Four pages from the end of Gone Girl, I could only marvel at the ability of Gillian Flynn to maintain an electric level of tension and mystery throughout a 400-pls page novel. Four pages from the end, I still had no idea how this mesmerising book would end, and was every bit as gripped as I had been from the very first page.
A day earlier, at 1.30am in a hotel room in Germany, I was torn between two competing and mutually exclusive demands. I had to know how Gone Girl finished, and therefore read the final 150 pages, but I had to try and get some sleep.
Gillian Flynn has that effect on me, and many many others. In the six years I have been writing Material Witness, no author has delivered a three card trick as powerful as Sharp Objects, Dark Places and now Gone Girl.
In my review of Dark Places, I wrote that Flynn's greatest strength is her ability to put the reader "inside the story, having them live every twist and turn", with her characters.
And she repeats the trick here, in a very clever story in which nothing is quite what it seems and nobody quite who people think they are.

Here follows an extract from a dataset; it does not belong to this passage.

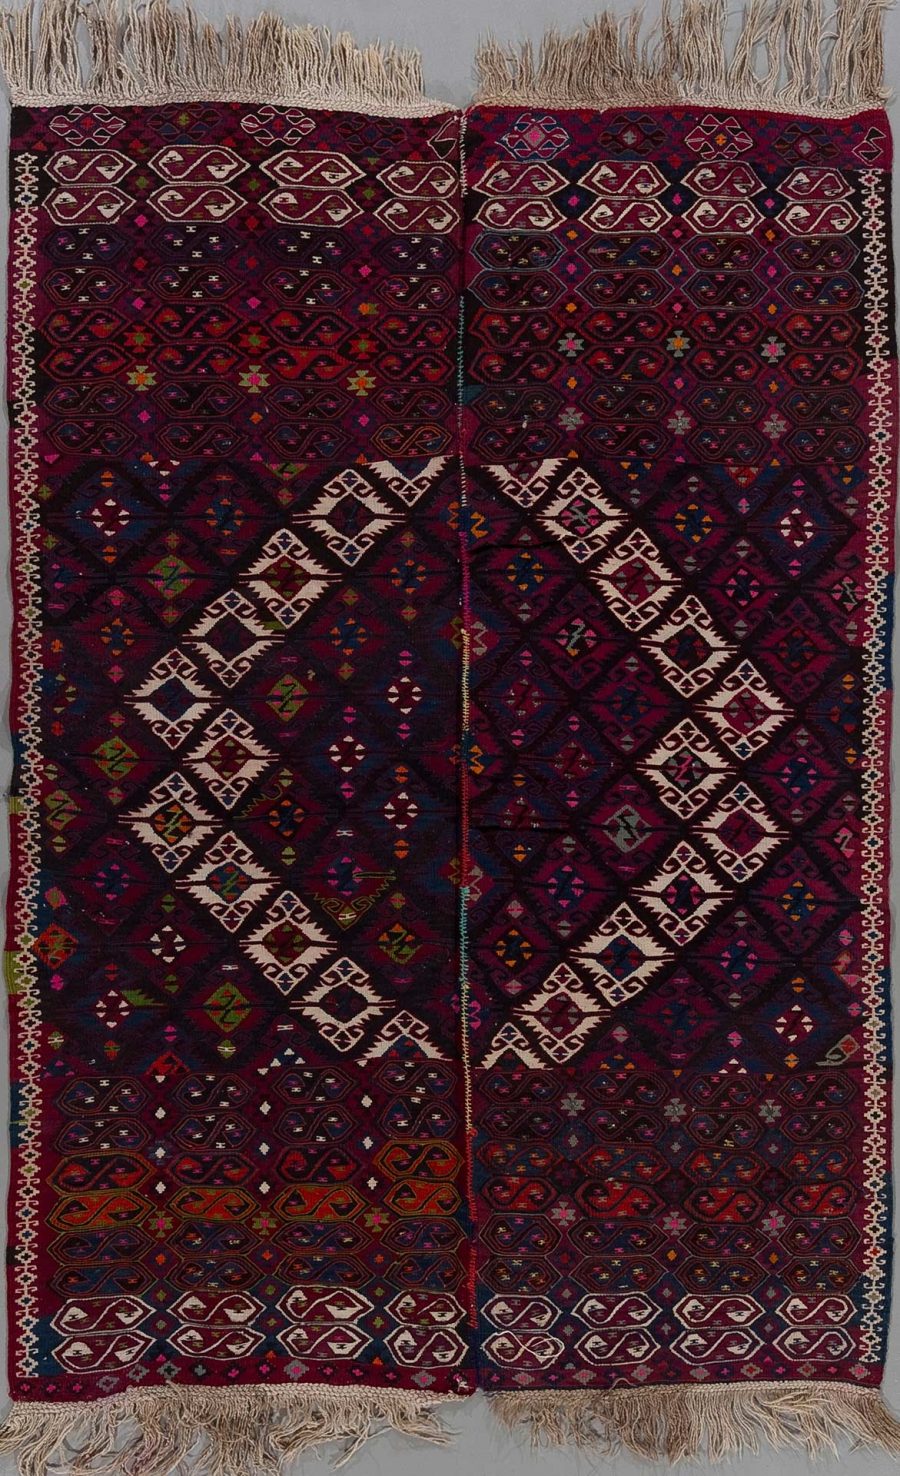 Traditioneller, handgewebter Teppich mit komplexem, geometrischem Muster in vorwiegend dunklen Burgunder-, Blau- und Beigetönen und Fransen an den Enden.
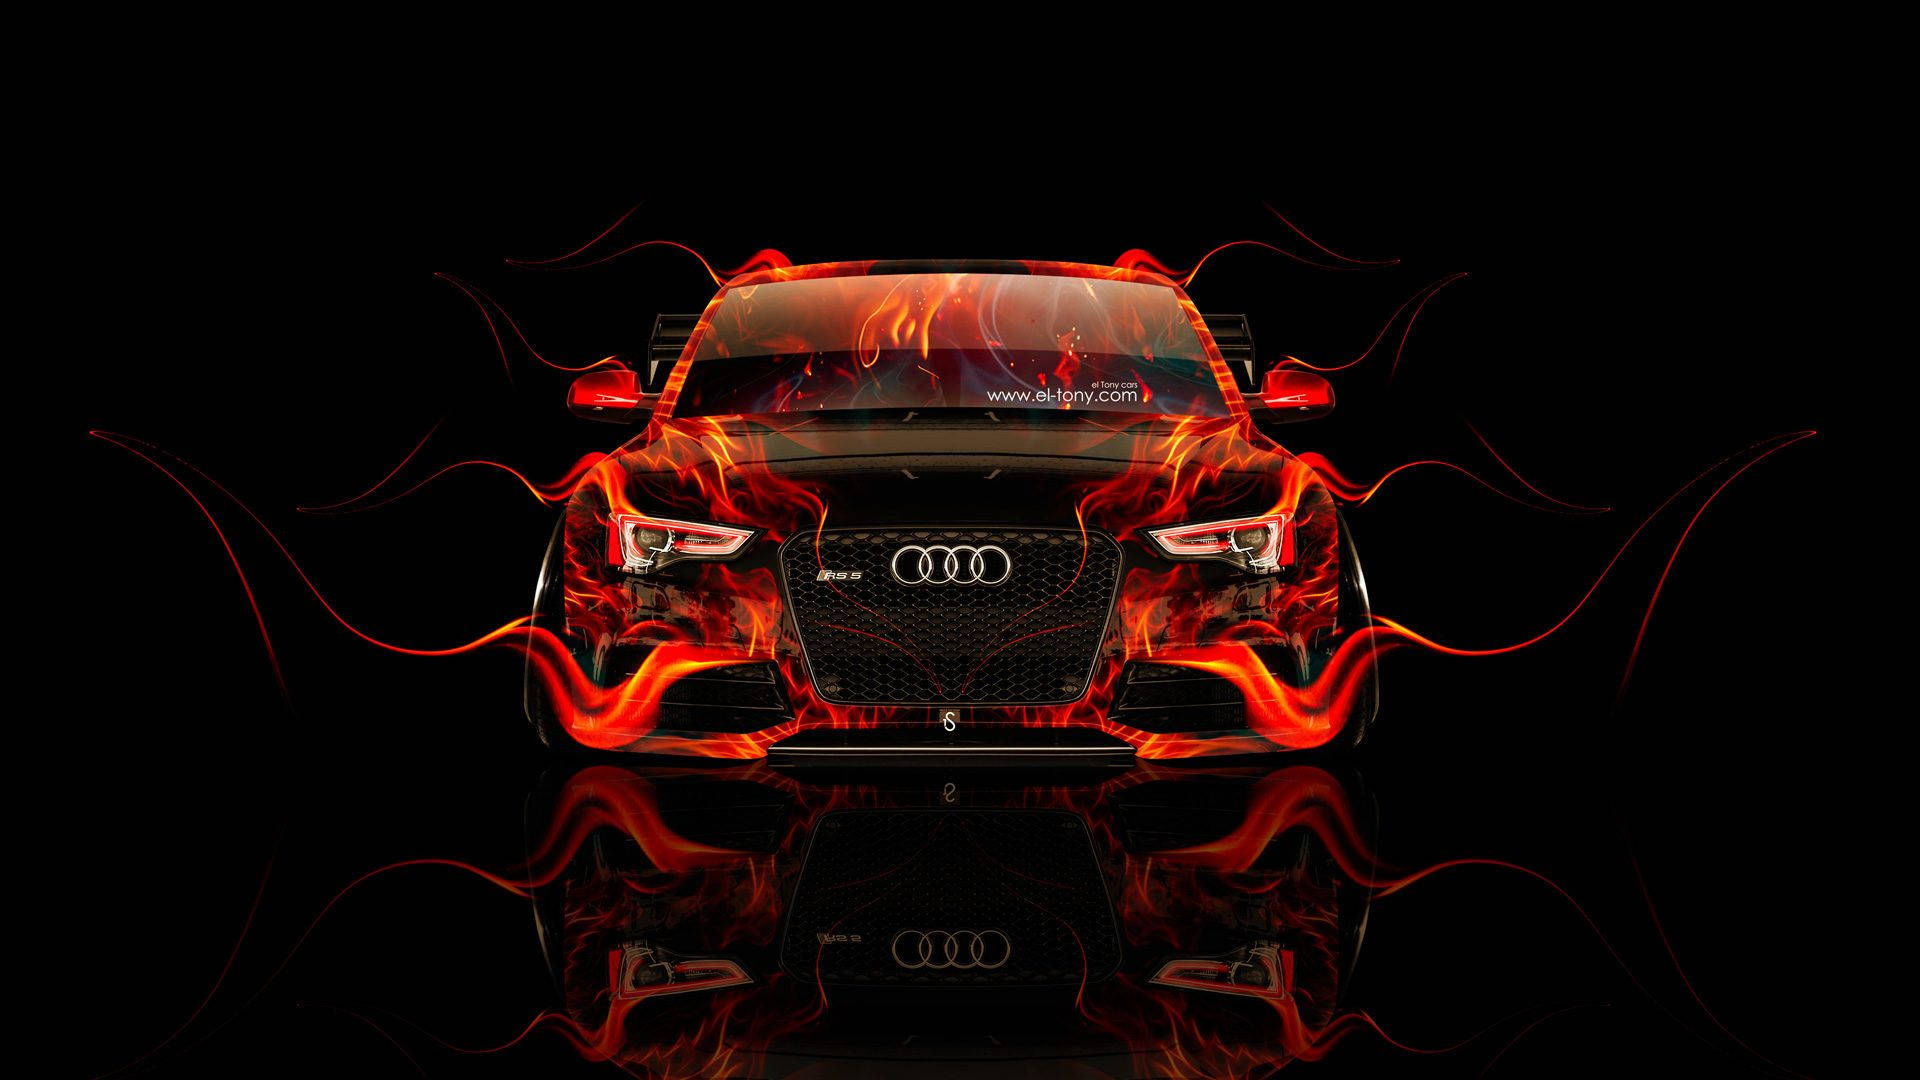 Audi For Desktop Wallpapers

Nick and Amy Dunne are celebrating their fifth wedding anniversary when Amy disappears from their home amidst signs of a struggle. The ensuing investigation - in which Nick, who has no alibi for the critical period, inevitably becomes the focus of suspicion - begins to chip away at the facade of their marriage. In parallel we learn their history through Amy's diaries, which detail the souring of the perfect love story as both lose their jobs and they move back from New York City to Nick's childhood home town on the Mississippi in Missouri.
Seeing the story in alternate chapters from twin perspectives - the present through Nick's eyes, history through Amy's words - is a simple device that immediately ratchets up the tension, lifting the lid on the private institution of marriage and putting husband and wife at loggerheads.
Even if most married couples do not experience the extremes of Amy and Nick, every one will recongise the telltale signs of the stresses and strains of relationships, the petty resentments and irritations that, if allowed to fester, infect everything very quickly. This makes the story both disturbing and compulsive, like a motorway pile-up, and sustains it for 400 pages.
All the hallmarks of success from Flynn's first two books are here: a pacey, emotional narrative; characterisation of the highest order and first class writing.
Gone Girl is a strong candidate for thriller of the year - it's certainly the best I've read in 2012 and it should add to the reputation of Gillian Flynn, who surely now ranks in the highest echelons of the thriller writer world.